Wie sieht es mit Ersatzteilen aus. Sind davon genug vorhanden?
Wir haben da Probleme, aber wir lösen sie. Wir haben immer eine Knappheit an Ersatzteilen, aber um das Auto von Esteban einsatzbereit zu machen reicht es.
Dieses Wochenende sollte also nichts Gröberes passieren?
Hoffentlich nicht, aber irgendwie finden wir immer Lösungen.
Ihr habt im 1. Rennen mit dem 6. Platz ein fantastisches Ergebnis erreicht. Haben sich die ersten Sponsoren schon gemeldet?
Ich würde es mir wünschen. (lacht) Der 6. Platz ist fantastisch für das Team, aber wir müssen uns erst stabilisieren. Das Ergebnis sollte es etwas einfacher machen Sponsoren zu finden. Aber es ist zurzeit auch für Top Teams schwierig Sponsoren aufzutreiben, keiner läuft dir mit seinem Geld hinterher.
In Melbourne sah es so aus, als ob euer Auto gut mit den Reifen umgeht. Hat das auch mit dem Fahrstil von Romain Grosjean zu tun?
Da hat beides zusammengespielt. Bereits bei den Testfahrten in Barcelona haben wir gesehen, dass unser Reifenabbau sehr gut ist. Und Romain hat auch viel Erfahrung, er wusste genau wie schnell er fahren muss, um Hülkenberg hinter sich zu halten. Er musste ihm nicht davon fahren, es reichte so schnell zu fahren, so dass Hülkenberg nicht überholen konnte.
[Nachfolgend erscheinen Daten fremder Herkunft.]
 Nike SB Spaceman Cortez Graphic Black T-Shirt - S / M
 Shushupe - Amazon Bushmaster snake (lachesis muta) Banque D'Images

Wie viel Potential steckt noch in dem Auto?
Ich hoffe viel. In Prozent kann ich das nicht sagen, aber es ist sicherlich noch mehr drinnen. Wir brauchen nur noch mehr Zeit, um das Potential abrufen zu können. In Melbourne hatten wir gerade einmal 12 gezeitete Runden im Trockenen zur Rennvorbereitung. Die ersten Updates planen wir bereits.
In Australien habt ihr es nicht ins Q2 geschafft. Was hat nicht geklappt?
Es waren ein paar Dinge. Wir wissen nun wie es funktioniert und was wir nicht tun dürfen. Romain hat seine Reifen blockiert und bei Esteban konnten wir nicht die volle Power abrufen. Und auch unser Turnaround in der Box war zu langsam. Die Mechaniker werden mit der Zeit aber immer schneller und hier ist auch die Infrastruktur der Garage viel besser. Man hat mehr Platz und kann die Reifen bereitlegen. Wir werden diesmal sicherstellen, dass wir noch einen 2. Versuch fahren können, bevor die Zeit abläuft.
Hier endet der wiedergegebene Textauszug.